Install tbp with the Python package manager `pip`

:

$ pip install tbp ... Successfully installed tbp-X.X.X

This will take a while as libDAI must be compiled.

## Usage

TBP takes a factor graph in either .fg or .uai format as input, and outputs the approximate marginal distribution of each variable in .MAR format. This involves two steps — first, all potential functions in the graph must be decomposed into sums of rank-1 tensors yielding a decomposed factor graph (.dfg). Then, the message passing procedure must be run on the decomposed graph to give approximate marginals.

### Command line

After installation, the command line utility `tbp`

is available to do either or both of these steps.

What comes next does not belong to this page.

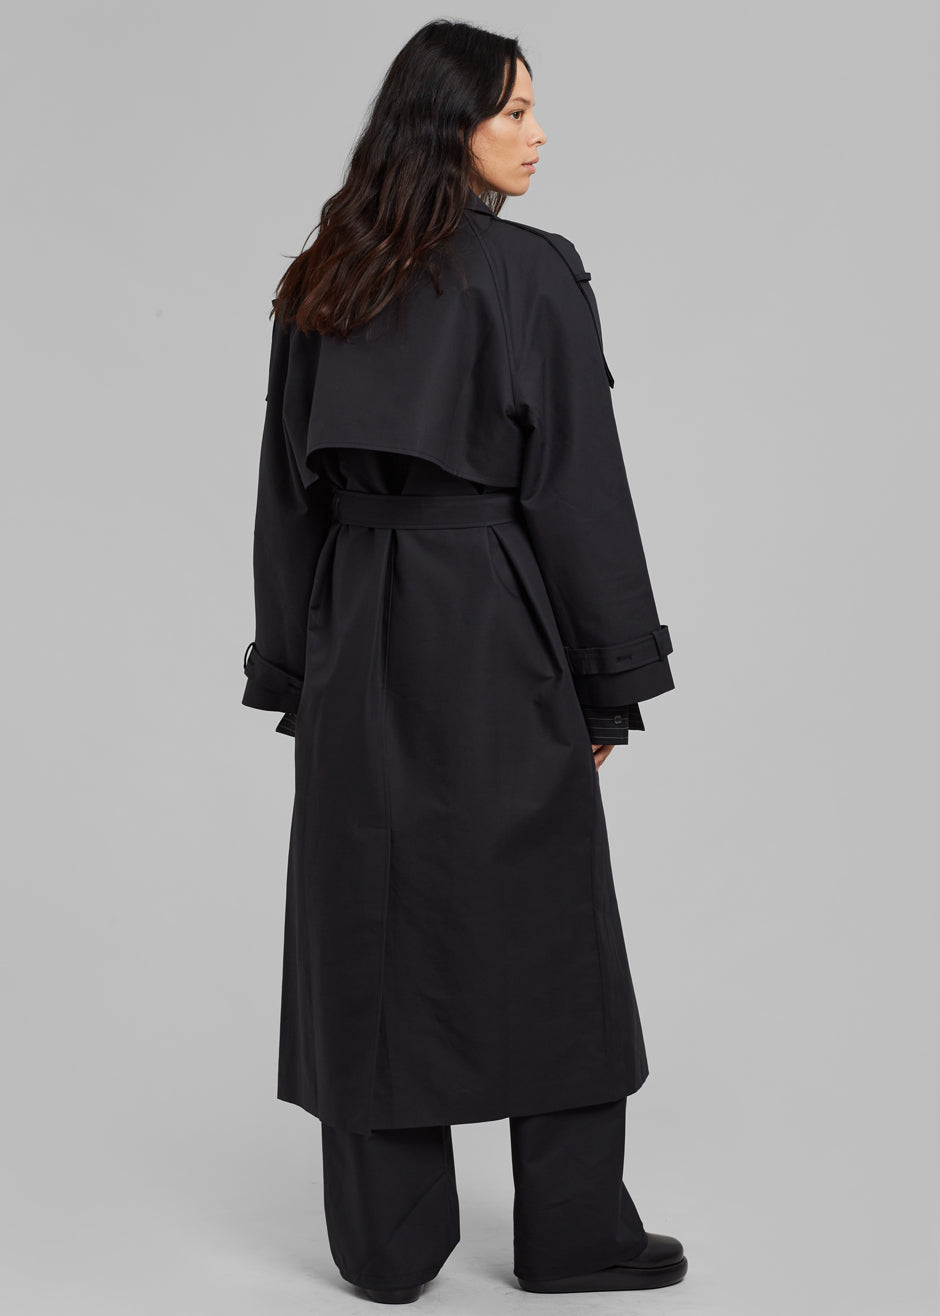 Suzanne Trench Coat - Black - 6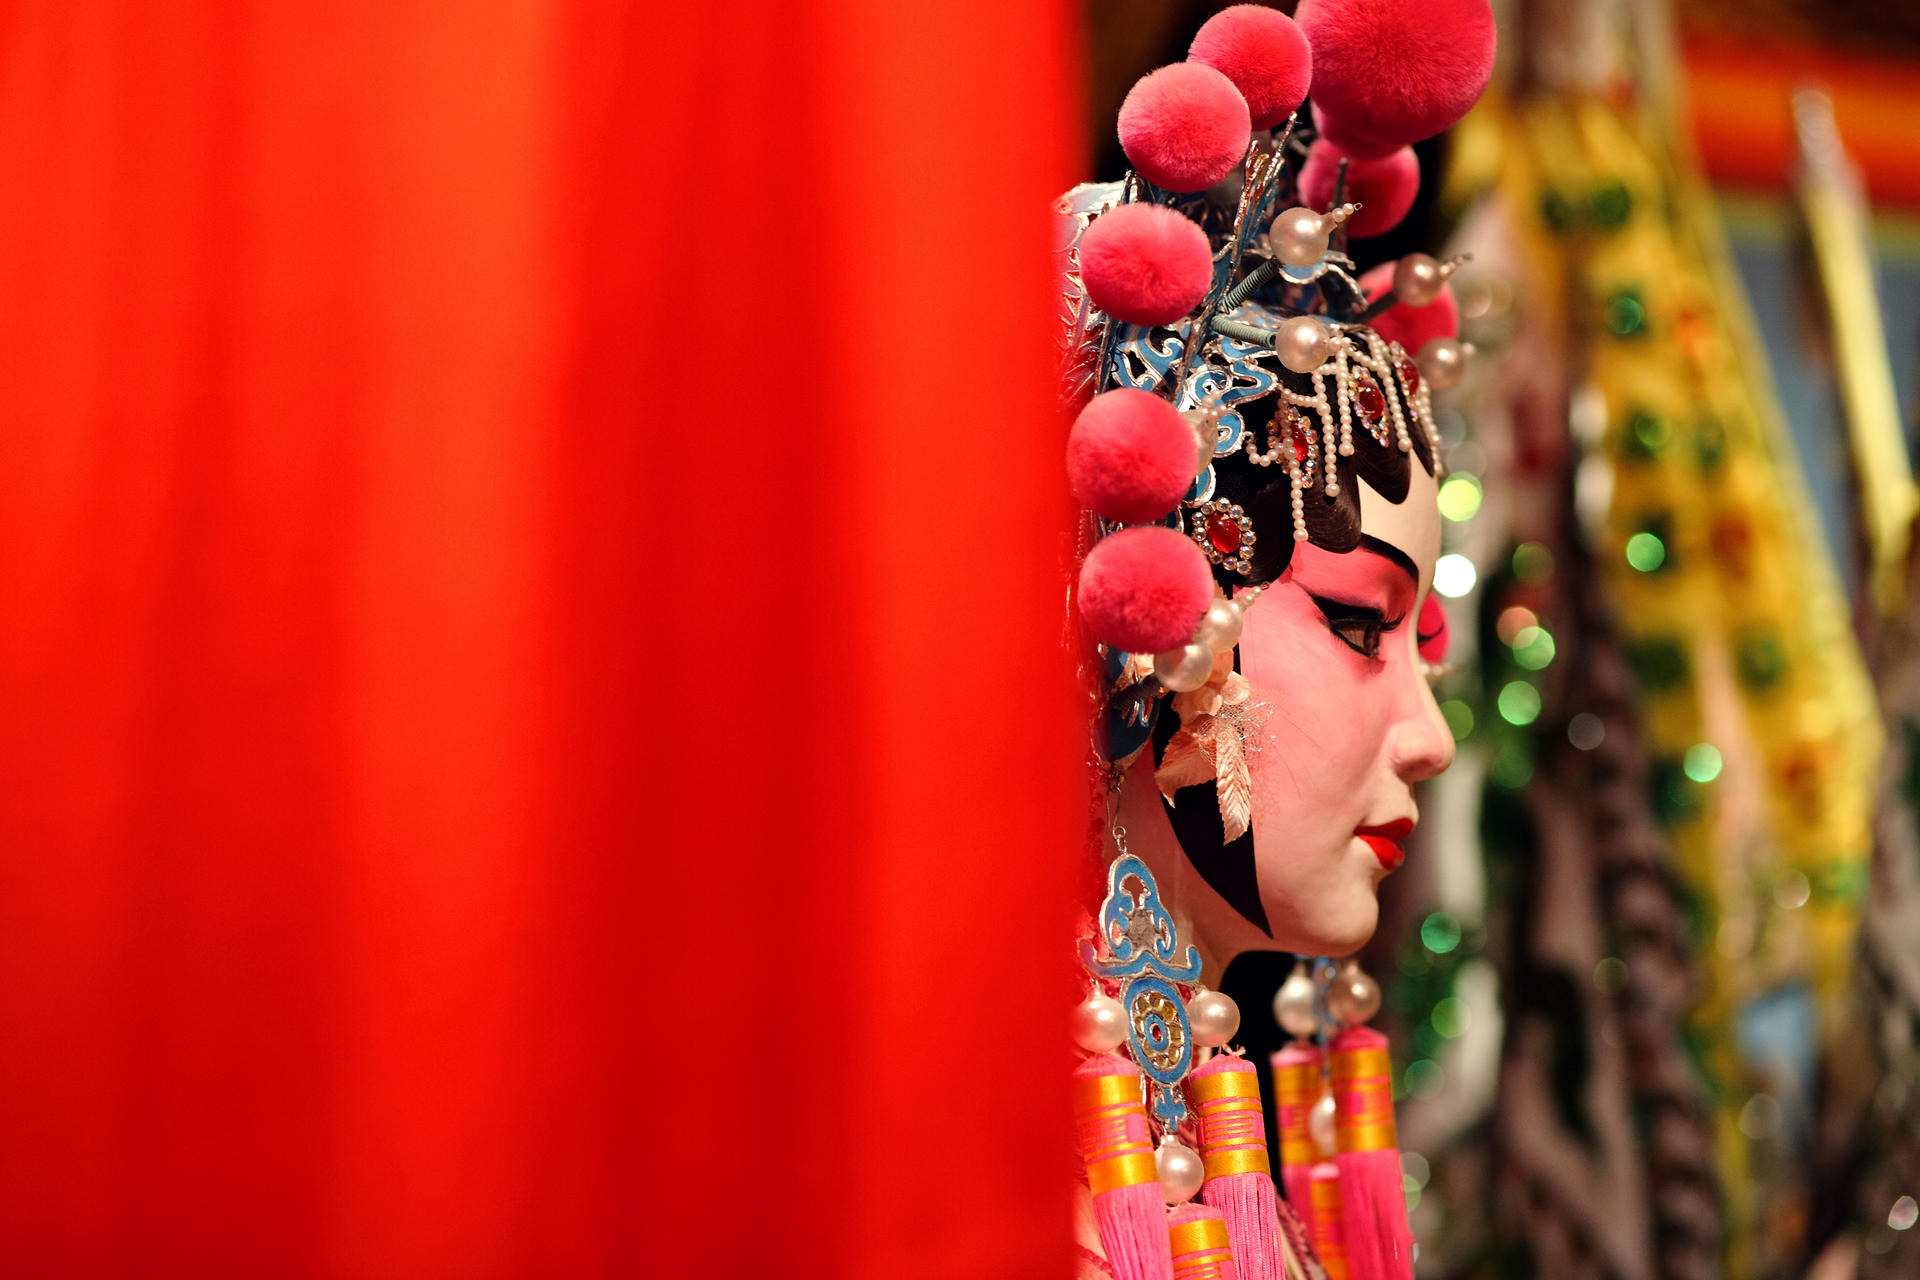 Cantonese opera faces great challenges despite its 1,000 years of history.

For usage
instructions, run `tbp --help`

.

#### Examples

Decompose the factor graph `ising_8x8.fg`

and find marginals:

$ tbp tests/ising_8x8.fg 64 2 0.594961 0.405039 2 ... 0.608573 0.391427

Decompose input potentials into 3 rank-1 components and save the resulting decomposed graph (but don't find marginals):

$ tbp tests/ising_8x8.fg -r 3 -o tests/ising_8x8.dfg --verbosity 2 Reading graph tests/ising_8x8.fg (libDAI format)... Decomposing input graph (r=3 terms per factor)... Successfully saved decomposed graph to tests/ising_8x8.dfg.

Decompose the factor graph `Promedus_11.uai`

after applying some evidence, find marginals using TBP with sample size of 1000, and save the output
to `out.MAR`

:

$ tbp tests/uai/MAR_prob/Promedus_11.uai -e tests/uai/MAR_prob/Promedus_11.uai.evid -k 1000 -o out.MAR --verbosity 2 Reading graph tests/uai/MAR_prob/Promedus_11.uai (UAI format)... Applying evidence file tests/uai/MAR_prob/Promedus_11.uai.evid... Decomposing input graph (r=4 terms per factor)... Running TBP with sample size K=1000... Successfully saved marginals to out.MAR.

### Python library

The `tbp`

package can also be used directly from Python, for example:

import tbp # Load a factor graph in .uai format g = tbp.load_uai_graph('tests/uai/MAR_prob/linkage_11.uai') # Apply evidence (fixed variable assignments) g.apply_evidence('tests/uai/MAR_prob/linkage_11.uai.evid') # Decompose each factor into a weighted sum of 4 rank-1 tensors dg = g.decompose(r=4) # Run TBP to find marginals with sample size of 10000 mar = dg.tbp_marg(K=10000)

### Troubleshooting

#### Installing into a virtual environment

If `pip install`

has issues with dependencies or version conflicts, you can install the necessary
packages into a virtual environment (a project-specific folder rather than globally on your system):

$ sudo pip3 install virtualenv # pip or pip3, depending on your system $ virtualenv -p python3 venv # create venv folder to store packages $ source venv/bin/activate # activate virtual environment $ pip install tbp # install tbp into venv folder

Now when you invoke `tbp`

, the local versions will be used.

#### Building from GitHub clone

To use the `tbp`

Python package from source without installation via `pip install`

, libDAI must first be compiled:

$ git clone git@github.com:akxlr/tbp.git $ cd tbp/libdai $ cp Makefile.<platform> Makefile.conf # Choose <platform> according to your platform $ make ... libDAI built successfully!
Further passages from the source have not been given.